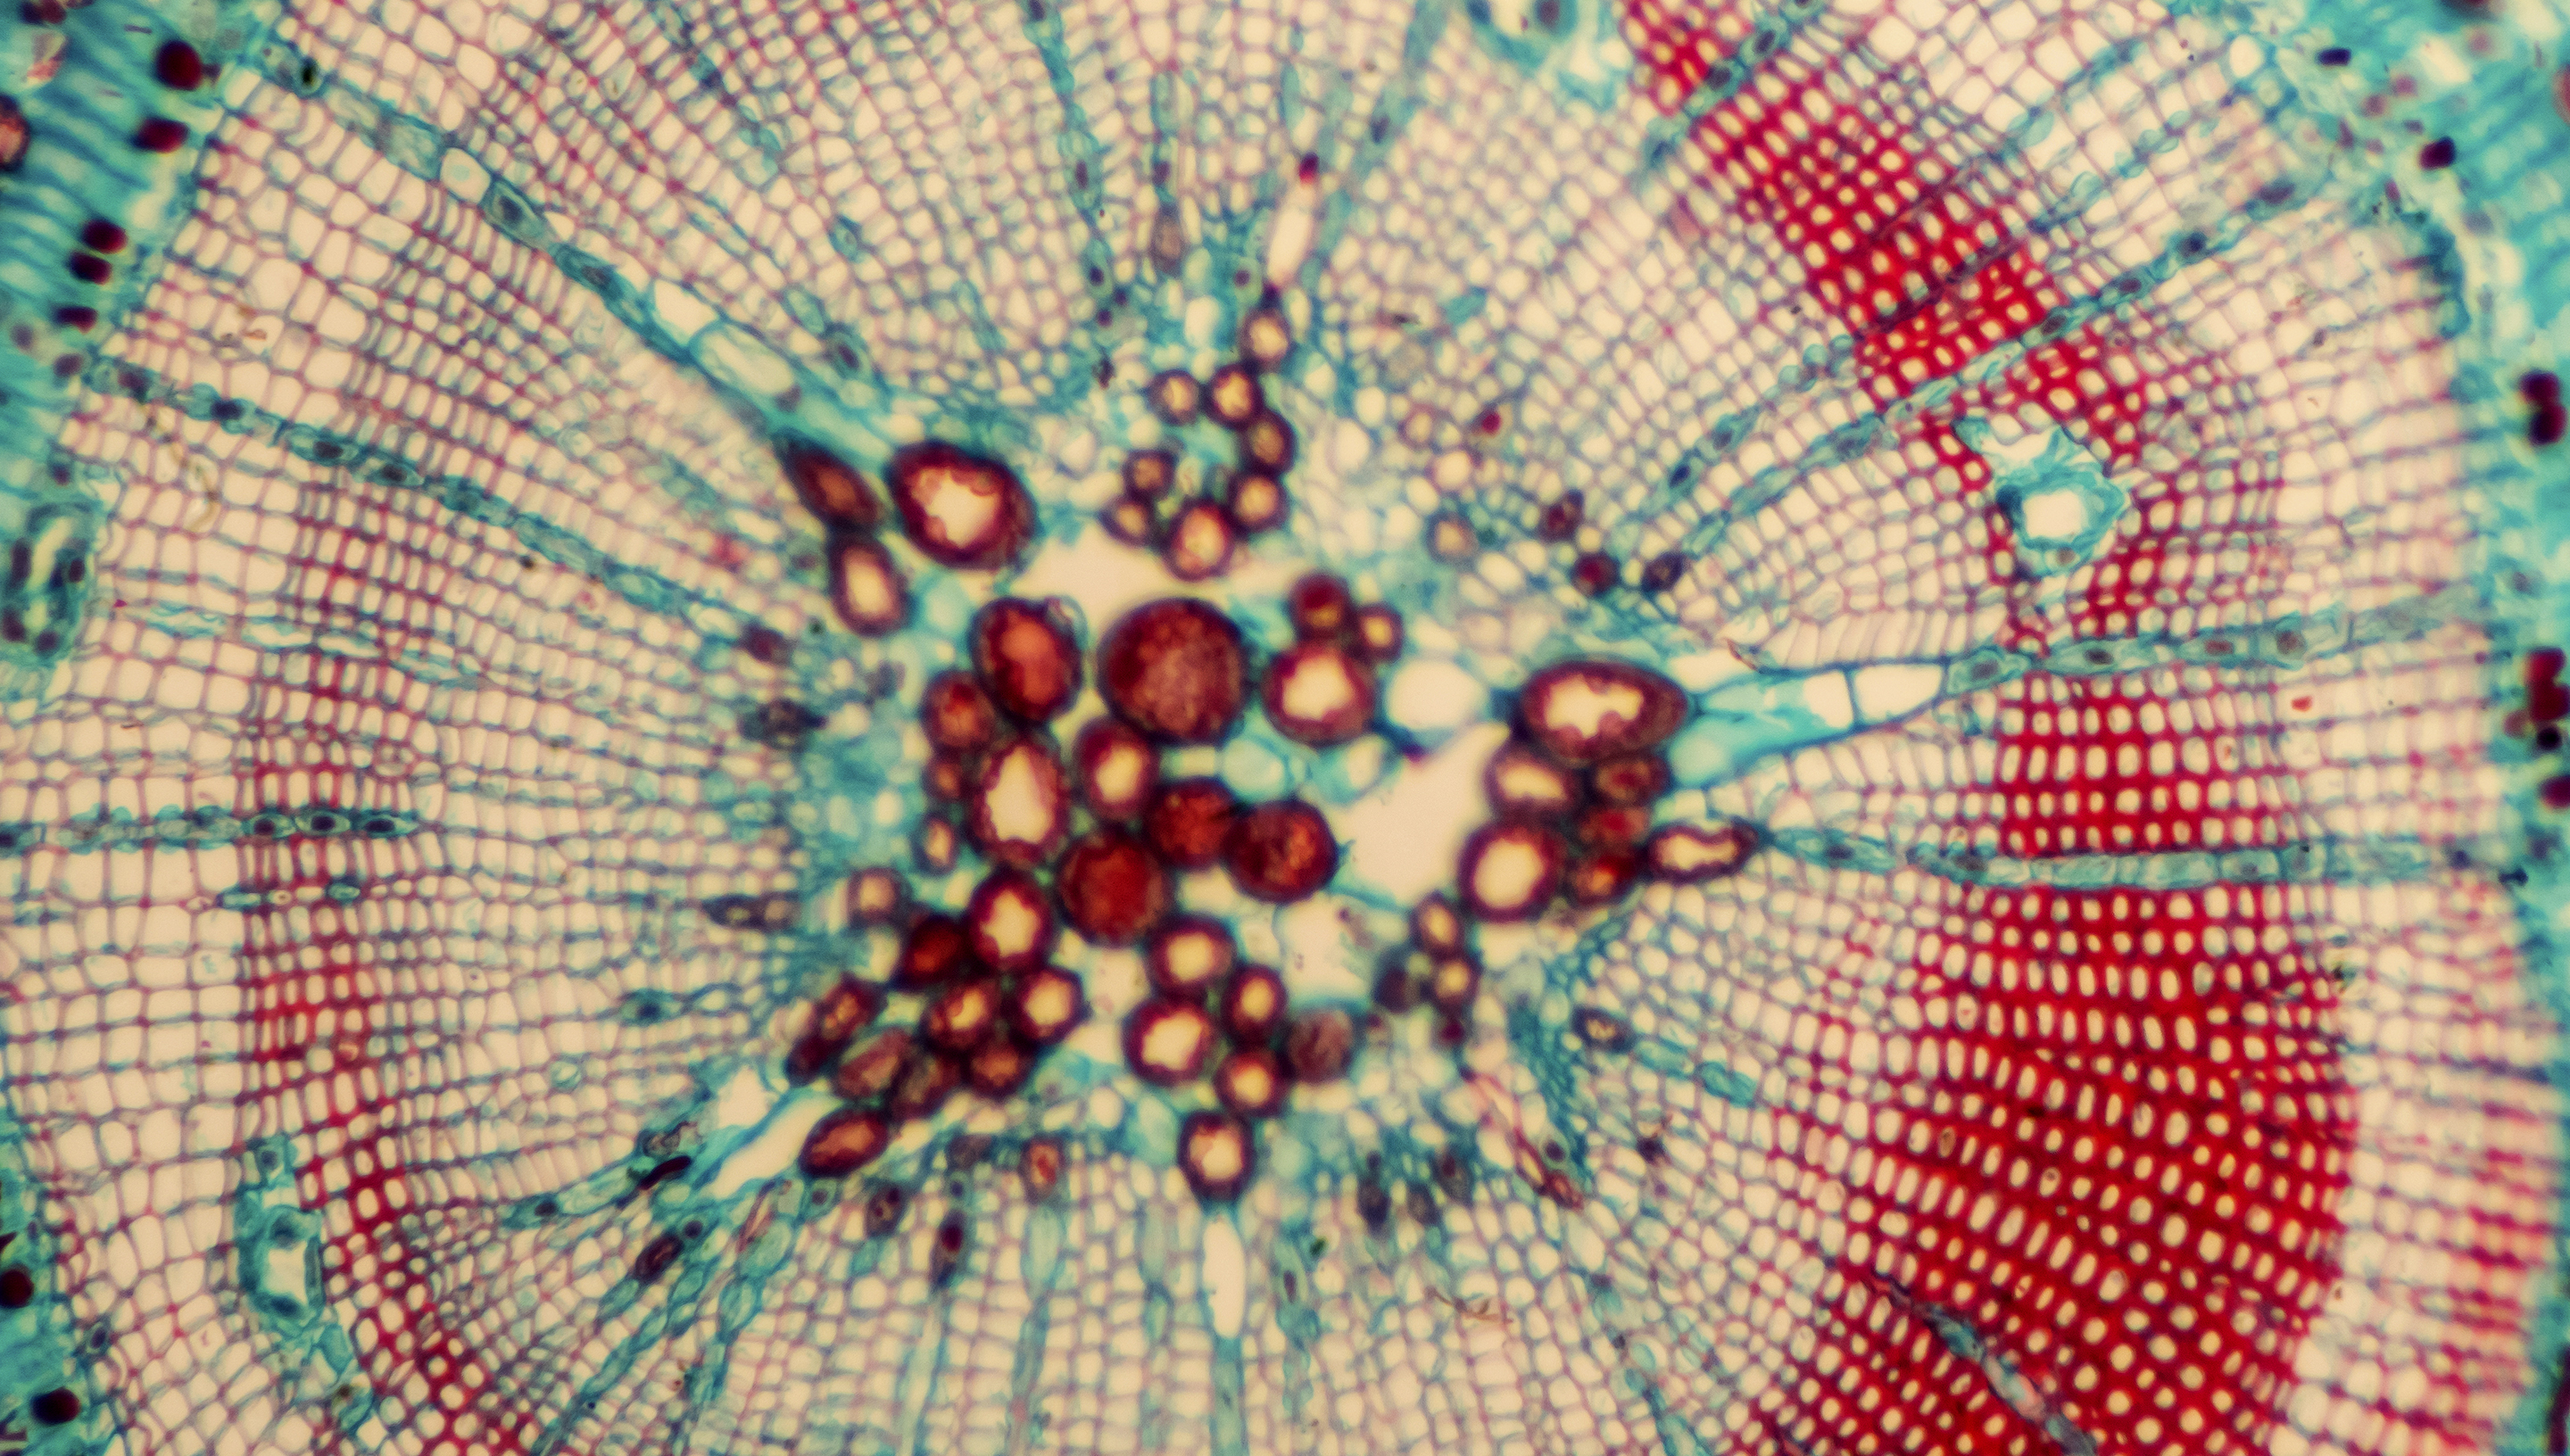 a group of cells viewed through a microscope
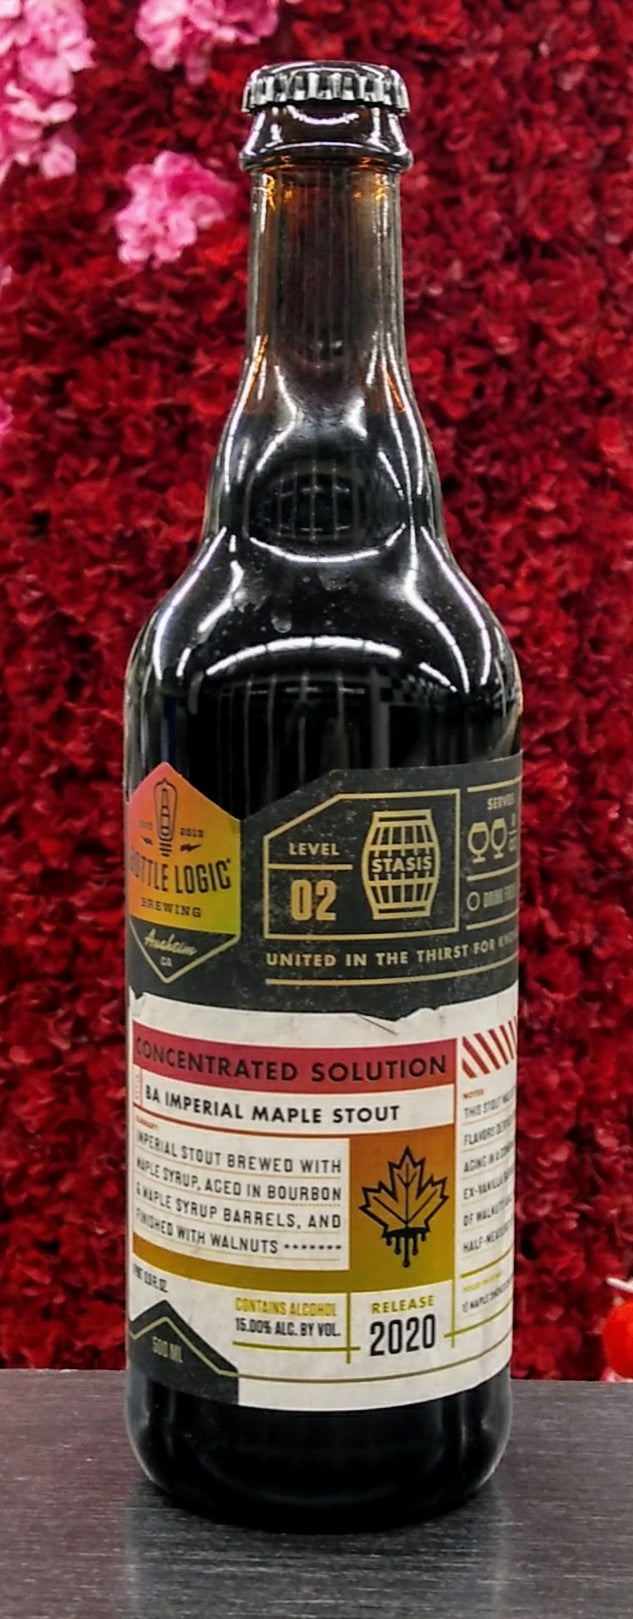 BOTTLE LOGIC BREWING 2020 CONCENTRATED SOLUTION BA IMPERIAL MAPLE STOUT 500ML (LIMIT 1)
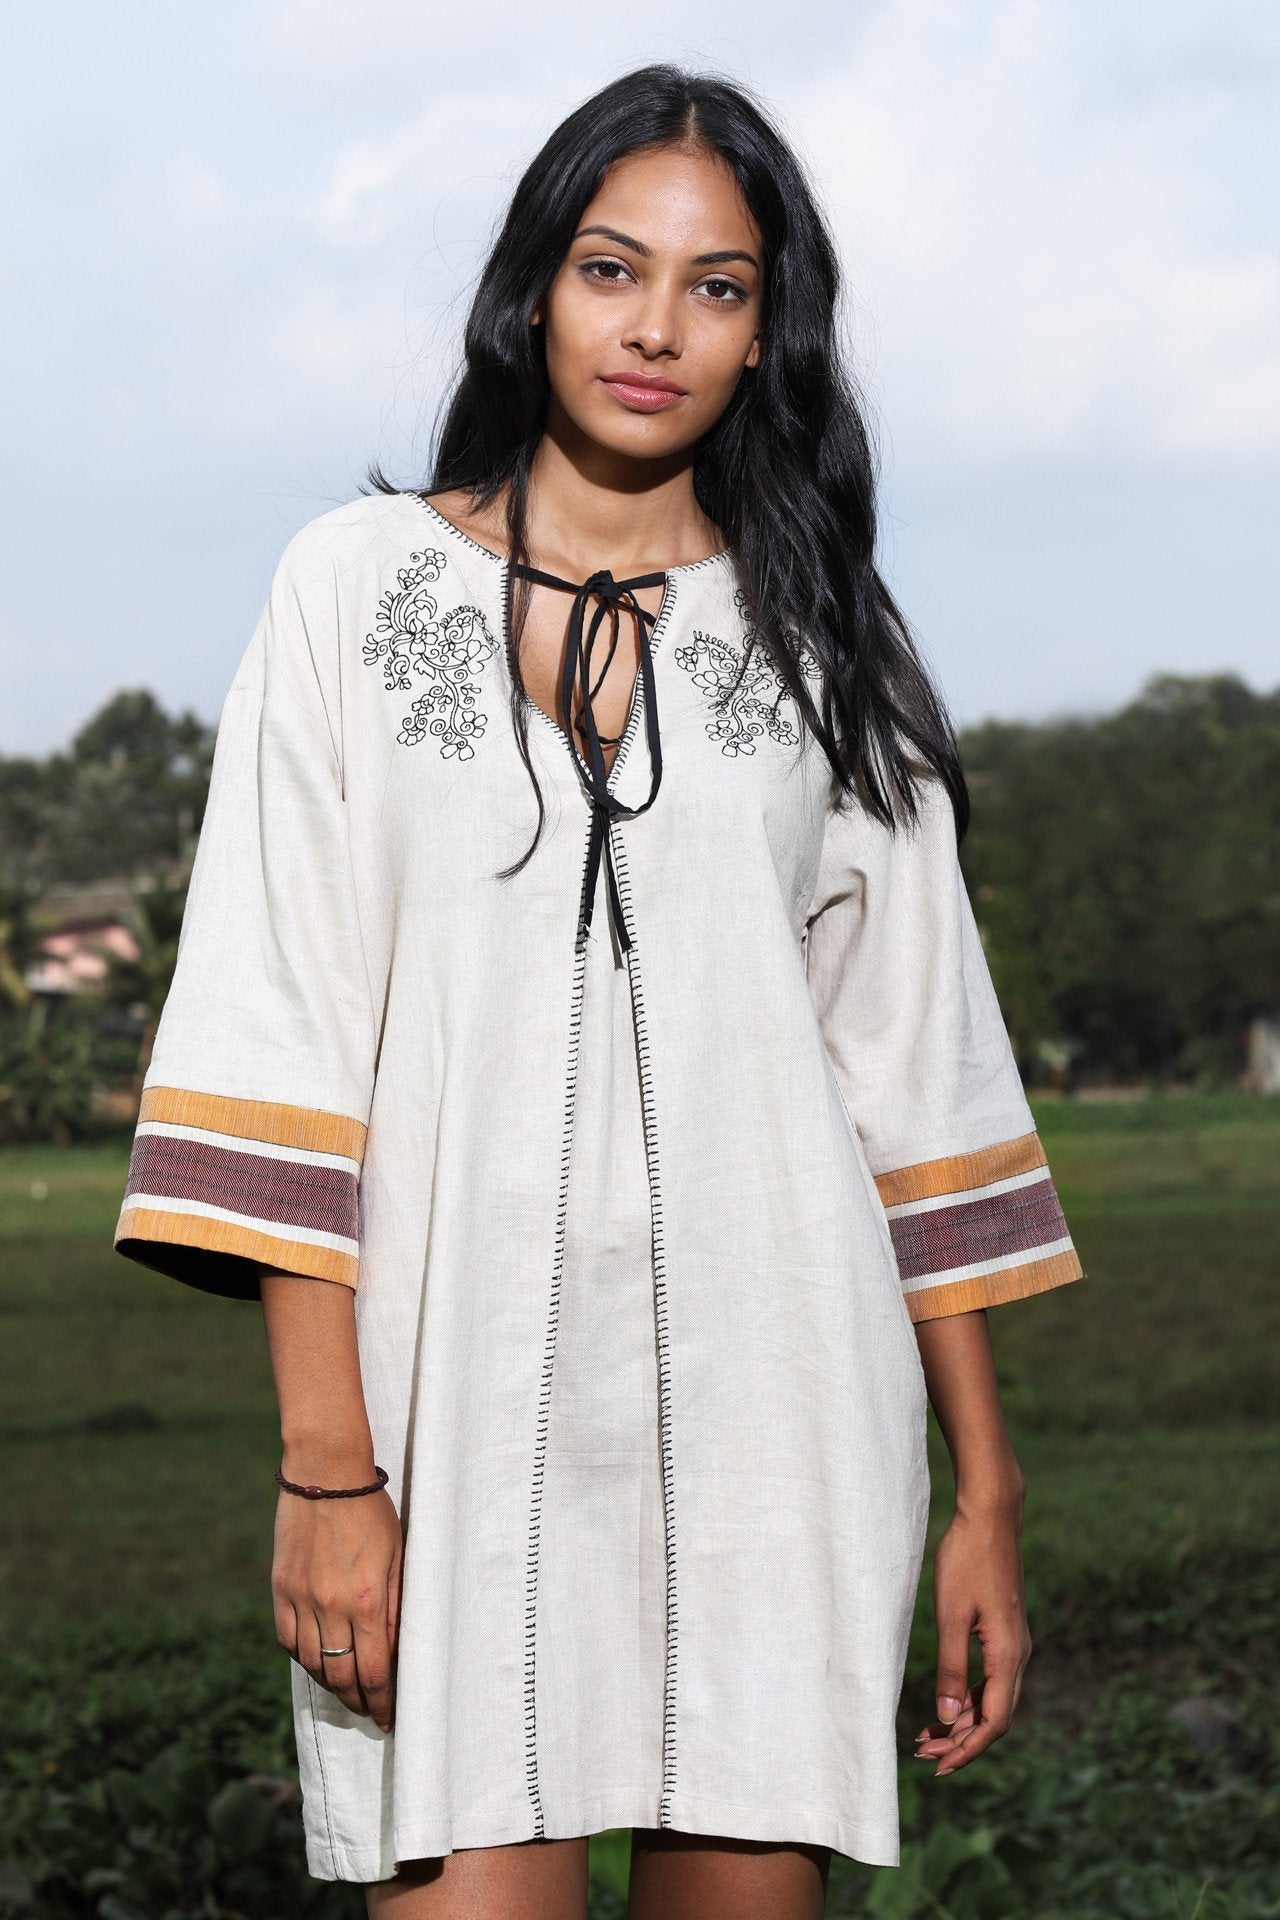 Linen Kurta Mini Dress - Indian Clothing in Denver, CO, Aurora, CO, Boulder, CO, Fort Collins, CO, Colorado Springs, CO, Parker, CO, Highlands Ranch, CO, Cherry Creek, CO, Centennial, CO, and Longmont, CO. Nationwide shipping USA - India Fashion X
◇ ◇ ◇ ◇
Leaving every picture out, write out exactly the lines from the one that holds "BOTTLE LOGIC BREWING" through the end of the listing, both included.

 BOTTLE LOGIC BREWING 2020 CONCENTRATED SOLUTION BA IMPERIAL MAPLE STOUT 500ML (LIMIT 1)
 Linen Kurta Mini Dress - Indian Clothing in Denver, CO, Aurora, CO, Boulder, CO, Fort Collins, CO, Colorado Springs, CO, Parker, CO, Highlands Ranch, CO, Cherry Creek, CO, Centennial, CO, and Longmont, CO. Nationwide shipping USA - India Fashion X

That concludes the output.